Find and copy each line of the records where the string "Leather" shows up.

--- LISTED ENTRIES Enclosed Below ---

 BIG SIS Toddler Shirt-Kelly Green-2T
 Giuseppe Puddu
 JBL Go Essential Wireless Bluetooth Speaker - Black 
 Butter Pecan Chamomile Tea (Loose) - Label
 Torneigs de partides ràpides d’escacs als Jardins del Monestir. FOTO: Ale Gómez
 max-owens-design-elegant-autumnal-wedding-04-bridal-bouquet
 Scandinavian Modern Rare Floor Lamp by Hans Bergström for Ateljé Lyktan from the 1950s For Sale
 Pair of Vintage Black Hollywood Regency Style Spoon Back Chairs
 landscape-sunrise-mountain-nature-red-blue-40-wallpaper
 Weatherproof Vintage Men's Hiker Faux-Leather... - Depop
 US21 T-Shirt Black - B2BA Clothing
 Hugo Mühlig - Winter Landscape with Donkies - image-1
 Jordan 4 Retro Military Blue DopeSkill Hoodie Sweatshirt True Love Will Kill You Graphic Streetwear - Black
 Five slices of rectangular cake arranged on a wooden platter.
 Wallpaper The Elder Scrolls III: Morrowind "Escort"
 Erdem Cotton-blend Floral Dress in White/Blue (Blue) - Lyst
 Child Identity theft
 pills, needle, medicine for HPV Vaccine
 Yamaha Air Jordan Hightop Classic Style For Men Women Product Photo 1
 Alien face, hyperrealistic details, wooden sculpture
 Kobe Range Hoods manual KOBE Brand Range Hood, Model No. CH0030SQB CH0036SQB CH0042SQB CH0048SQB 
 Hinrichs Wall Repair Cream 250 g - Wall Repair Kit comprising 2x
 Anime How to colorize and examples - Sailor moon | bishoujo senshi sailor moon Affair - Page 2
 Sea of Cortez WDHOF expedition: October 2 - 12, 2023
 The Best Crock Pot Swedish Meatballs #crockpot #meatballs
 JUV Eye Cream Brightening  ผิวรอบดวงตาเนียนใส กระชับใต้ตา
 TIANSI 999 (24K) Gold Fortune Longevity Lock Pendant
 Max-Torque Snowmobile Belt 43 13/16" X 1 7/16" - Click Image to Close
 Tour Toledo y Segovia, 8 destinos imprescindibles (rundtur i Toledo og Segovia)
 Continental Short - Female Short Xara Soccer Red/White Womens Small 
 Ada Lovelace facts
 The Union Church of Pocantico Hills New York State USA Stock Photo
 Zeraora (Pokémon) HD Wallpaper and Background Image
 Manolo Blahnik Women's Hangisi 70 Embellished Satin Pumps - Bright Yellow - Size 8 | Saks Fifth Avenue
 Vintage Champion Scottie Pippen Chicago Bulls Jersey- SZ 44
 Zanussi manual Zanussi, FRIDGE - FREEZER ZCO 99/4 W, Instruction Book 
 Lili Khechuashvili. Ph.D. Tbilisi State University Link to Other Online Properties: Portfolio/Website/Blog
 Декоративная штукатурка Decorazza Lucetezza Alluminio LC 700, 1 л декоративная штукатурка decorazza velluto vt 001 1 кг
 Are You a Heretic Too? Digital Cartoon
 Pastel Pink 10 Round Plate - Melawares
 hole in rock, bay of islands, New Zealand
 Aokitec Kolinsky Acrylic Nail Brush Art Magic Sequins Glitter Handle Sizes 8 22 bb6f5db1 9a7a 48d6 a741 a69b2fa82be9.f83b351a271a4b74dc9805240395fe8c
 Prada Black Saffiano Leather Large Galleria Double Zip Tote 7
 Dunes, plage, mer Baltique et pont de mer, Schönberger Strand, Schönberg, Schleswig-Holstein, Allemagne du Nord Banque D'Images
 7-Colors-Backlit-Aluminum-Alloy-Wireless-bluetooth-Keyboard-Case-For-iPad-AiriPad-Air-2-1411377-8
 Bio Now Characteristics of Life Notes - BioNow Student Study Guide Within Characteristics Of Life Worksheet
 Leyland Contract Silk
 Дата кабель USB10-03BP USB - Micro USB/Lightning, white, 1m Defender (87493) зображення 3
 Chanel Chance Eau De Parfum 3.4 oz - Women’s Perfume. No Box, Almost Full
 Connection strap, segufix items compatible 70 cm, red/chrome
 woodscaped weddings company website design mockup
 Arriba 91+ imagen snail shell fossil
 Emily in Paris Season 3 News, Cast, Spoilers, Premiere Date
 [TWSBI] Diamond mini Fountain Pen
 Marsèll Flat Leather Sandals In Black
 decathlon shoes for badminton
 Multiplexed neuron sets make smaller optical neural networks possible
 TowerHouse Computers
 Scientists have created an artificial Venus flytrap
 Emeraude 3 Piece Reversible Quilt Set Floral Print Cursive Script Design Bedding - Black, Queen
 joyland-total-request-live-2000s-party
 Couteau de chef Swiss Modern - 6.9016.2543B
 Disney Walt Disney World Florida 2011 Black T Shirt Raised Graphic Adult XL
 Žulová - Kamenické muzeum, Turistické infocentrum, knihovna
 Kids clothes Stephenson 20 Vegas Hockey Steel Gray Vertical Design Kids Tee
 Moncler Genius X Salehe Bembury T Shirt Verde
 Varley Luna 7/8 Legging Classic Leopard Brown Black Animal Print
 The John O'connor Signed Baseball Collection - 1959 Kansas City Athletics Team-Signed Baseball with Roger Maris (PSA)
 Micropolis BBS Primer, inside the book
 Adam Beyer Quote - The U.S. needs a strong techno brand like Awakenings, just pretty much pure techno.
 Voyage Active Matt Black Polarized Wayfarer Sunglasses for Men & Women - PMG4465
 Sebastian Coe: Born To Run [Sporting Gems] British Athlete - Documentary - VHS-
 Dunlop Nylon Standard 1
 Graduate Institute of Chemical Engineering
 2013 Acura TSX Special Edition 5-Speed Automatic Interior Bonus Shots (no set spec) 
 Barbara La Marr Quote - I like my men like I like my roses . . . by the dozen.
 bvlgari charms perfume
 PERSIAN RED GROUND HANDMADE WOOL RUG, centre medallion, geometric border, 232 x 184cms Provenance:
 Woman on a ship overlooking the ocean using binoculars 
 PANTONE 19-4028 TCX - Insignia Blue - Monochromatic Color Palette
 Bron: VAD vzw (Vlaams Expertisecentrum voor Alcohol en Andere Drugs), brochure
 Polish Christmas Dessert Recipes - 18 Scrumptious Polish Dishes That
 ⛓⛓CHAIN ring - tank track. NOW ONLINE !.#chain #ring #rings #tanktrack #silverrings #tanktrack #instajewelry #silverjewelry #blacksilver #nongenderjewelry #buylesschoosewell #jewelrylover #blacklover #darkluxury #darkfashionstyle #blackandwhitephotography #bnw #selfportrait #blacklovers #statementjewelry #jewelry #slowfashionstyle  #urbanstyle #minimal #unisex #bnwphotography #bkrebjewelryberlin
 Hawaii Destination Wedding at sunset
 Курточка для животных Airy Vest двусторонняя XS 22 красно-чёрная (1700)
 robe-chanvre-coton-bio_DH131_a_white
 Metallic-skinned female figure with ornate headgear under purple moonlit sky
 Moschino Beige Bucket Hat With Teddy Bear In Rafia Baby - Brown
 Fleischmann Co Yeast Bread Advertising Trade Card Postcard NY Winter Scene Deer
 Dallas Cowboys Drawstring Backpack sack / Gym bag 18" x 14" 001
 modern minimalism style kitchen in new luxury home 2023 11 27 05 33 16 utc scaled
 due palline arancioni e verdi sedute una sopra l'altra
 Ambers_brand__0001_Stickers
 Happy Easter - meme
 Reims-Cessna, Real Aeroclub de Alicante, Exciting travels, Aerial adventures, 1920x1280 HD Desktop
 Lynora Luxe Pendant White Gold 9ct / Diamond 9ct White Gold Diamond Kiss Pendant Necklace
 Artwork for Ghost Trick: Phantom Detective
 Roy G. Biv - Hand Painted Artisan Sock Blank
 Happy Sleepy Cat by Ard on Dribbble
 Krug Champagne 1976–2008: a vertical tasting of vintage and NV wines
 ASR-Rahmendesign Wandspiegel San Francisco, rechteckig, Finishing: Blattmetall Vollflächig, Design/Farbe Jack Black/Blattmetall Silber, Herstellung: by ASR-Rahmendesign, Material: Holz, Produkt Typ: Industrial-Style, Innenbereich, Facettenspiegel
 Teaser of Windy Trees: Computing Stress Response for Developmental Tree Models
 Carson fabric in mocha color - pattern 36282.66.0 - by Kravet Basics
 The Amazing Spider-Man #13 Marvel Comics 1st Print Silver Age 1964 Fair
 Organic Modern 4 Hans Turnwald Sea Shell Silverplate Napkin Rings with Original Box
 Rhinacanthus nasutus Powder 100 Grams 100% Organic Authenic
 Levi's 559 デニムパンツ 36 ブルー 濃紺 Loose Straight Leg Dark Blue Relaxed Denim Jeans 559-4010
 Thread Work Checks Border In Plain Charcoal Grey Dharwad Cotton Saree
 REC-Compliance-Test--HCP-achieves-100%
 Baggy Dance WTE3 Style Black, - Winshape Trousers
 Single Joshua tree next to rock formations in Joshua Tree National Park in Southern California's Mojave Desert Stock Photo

--- End of Enclosed LISTED ENTRIES ---

§ **REPLY TO THE TASK**:
 Weatherproof Vintage Men's Hiker Faux-Leather... - Depop
 Prada Black Saffiano Leather Large Galleria Double Zip Tote 7
 Marsèll Flat Leather Sandals In Black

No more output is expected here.